Communication Disconnect: Sales Promises & the Information Security Audit

Has this happened to your company? The sales team has a hot prospect who wants them to conduct an information security audit. Sales promises that not only can that happen, but also that it will happen by a specific deadline. The problem? No one checked with the C-suite or operations management before committing.

This communication – and timing – disconnect between sales and operations can cost companies both prospects and current customers. Information security is traditionally implemented and maintained behind the scenes. In today’s market, particularly for healthcare vendors, good market positioning means that information security has to be front and center.

As an example, the demand for a SOC 2 audit report is on the rise. Healthcare vendors and other service organizations are being asked for it as proof of a sound information security program. We work with clients as they prepare for and proceed through SSAE 16 SOC 2 audits. In cases where vendors engage a CPA firm conduct a SOC 2 audit, we find that the decision to go through an information security audit comes from two places: the C-suite and sales.  The C-suite sees the audit as a way to retain current customers and to maintain marketability.  The sales team looks at it as another strong sales point.

What happens when the sales team over-promises?

If the sales team sells a product or service based on the assumption an information security audit can be done without checking in with its IS department, they may find themselves in a huge bind. It’s even more problematic if the company executed a customer contract along with the promise to conduct a SOC 2 audit. Imagine how that will come back to bite the company when the customer demands a copy of the nonexistent report!

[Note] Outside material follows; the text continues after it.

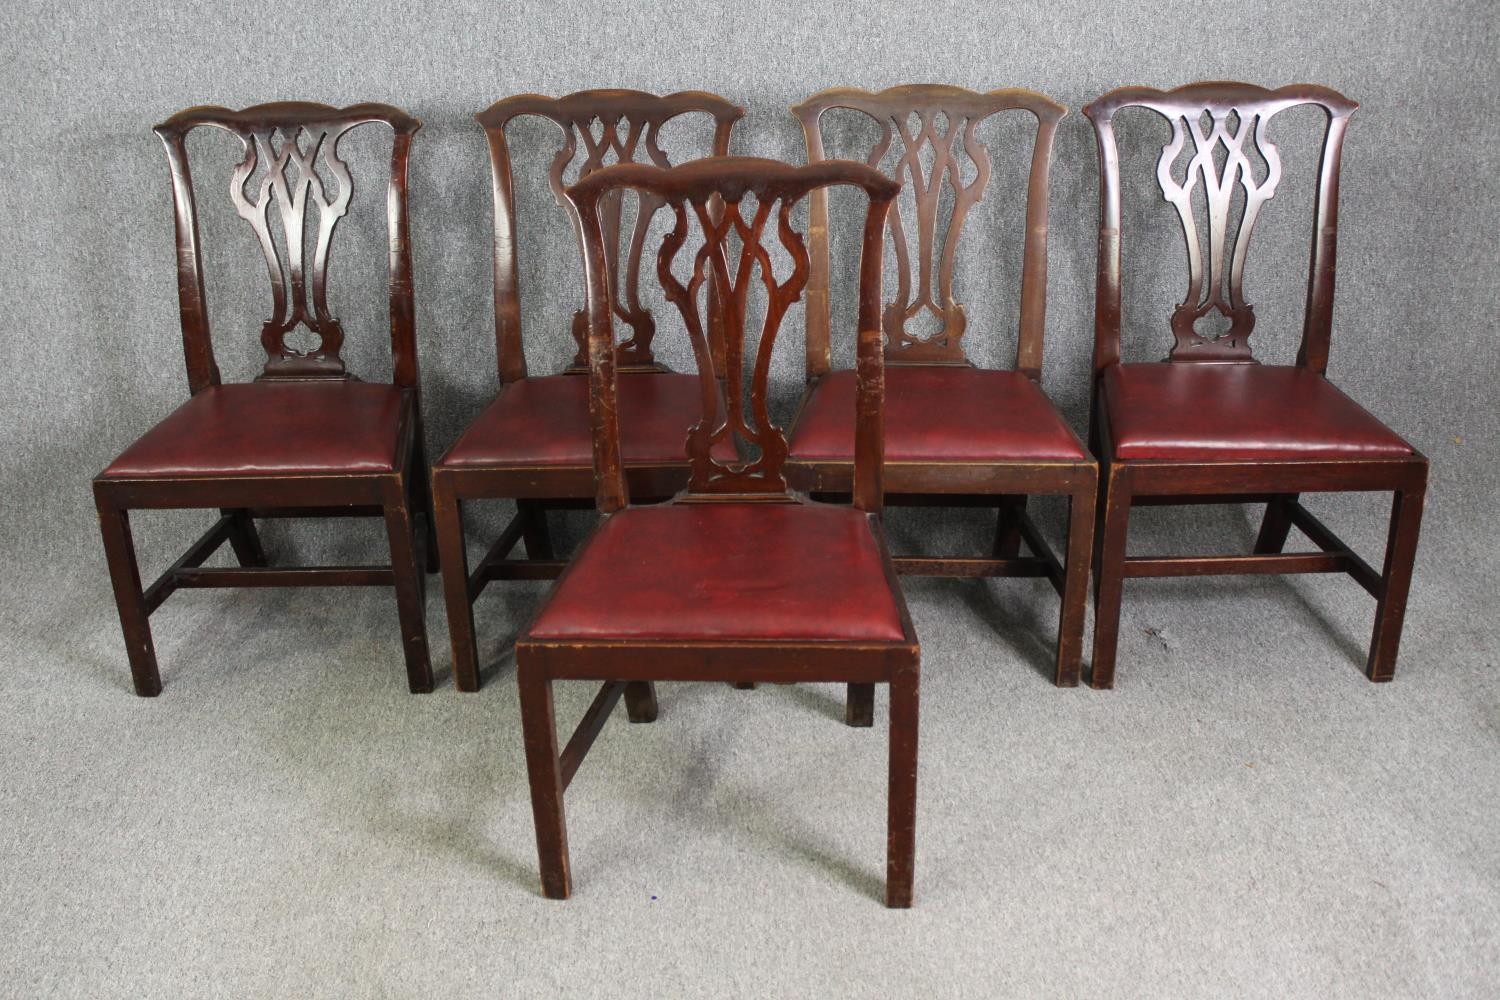 A set of five Chippendale style mahogany dining chairs, late 19th/early 20th century.

In one instance, a company we’ve worked with in the past lost out on a multi-million dollar deal based on an over-promise.  Sales promised they would complete a SOC 2 audit, that they then delayed for a couple of years. The prospective client walked away from the table.  Remember, the proverbial grapevine works well, healthcare industry or otherwise. If you’re doing a great job, people will hear about it. If you fall on your face, they’ll hear about it faster.

Sales teams like to run full steam ahead, promising results, valuable products and enhanced service.  That’s a good thing. That’s how companies stay in business and continue to grow.  Often, though, IT / IS is left trying to figure out how to keep the promises made.

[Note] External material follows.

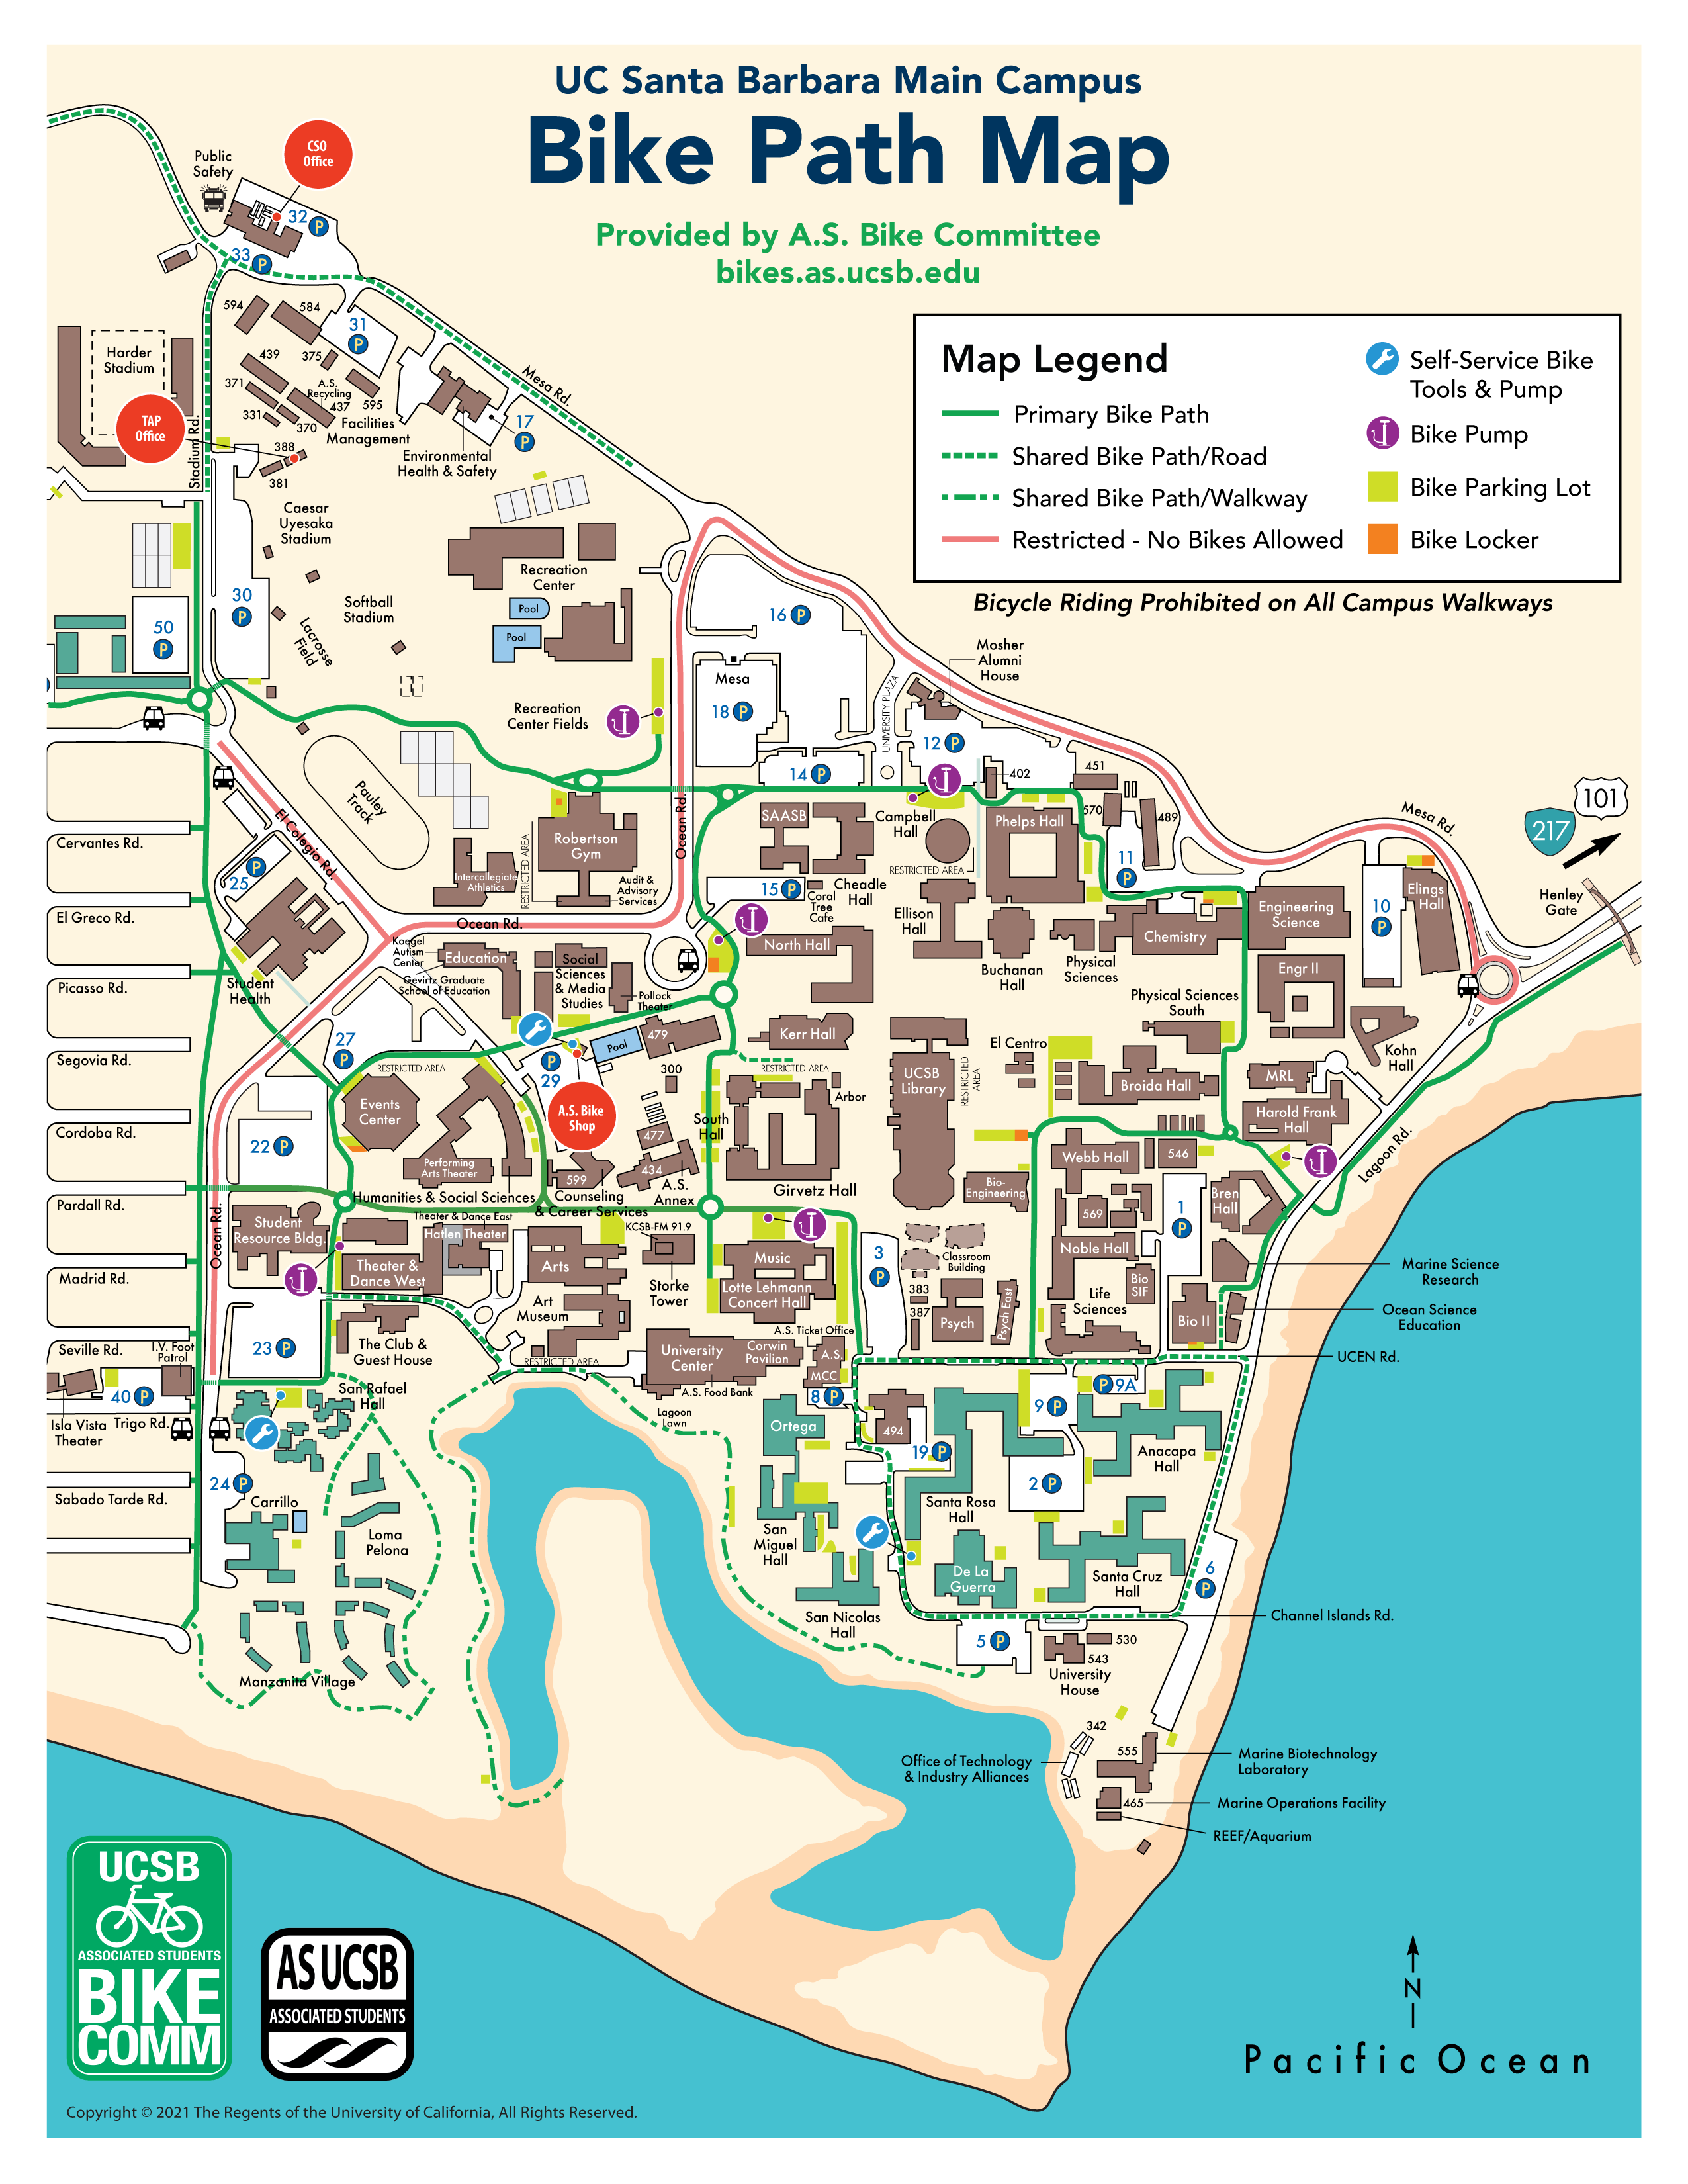 A map of the UCSB campus bike paths and lots

Vendors for healthcare and other service organizations are under mounting pressure to prove customer data is safe and secure. Information security is a market driver.  If sales and the information security team aren’t on the same page, the outcomes could be disastrous for business. So communicate amongst yourselves! Sales, IT and the information security team.  Actively involve the C-suite. Then you can be assured the company is steered in the right direction, with the right resources. When promises measure up to delivery, everyone is happy.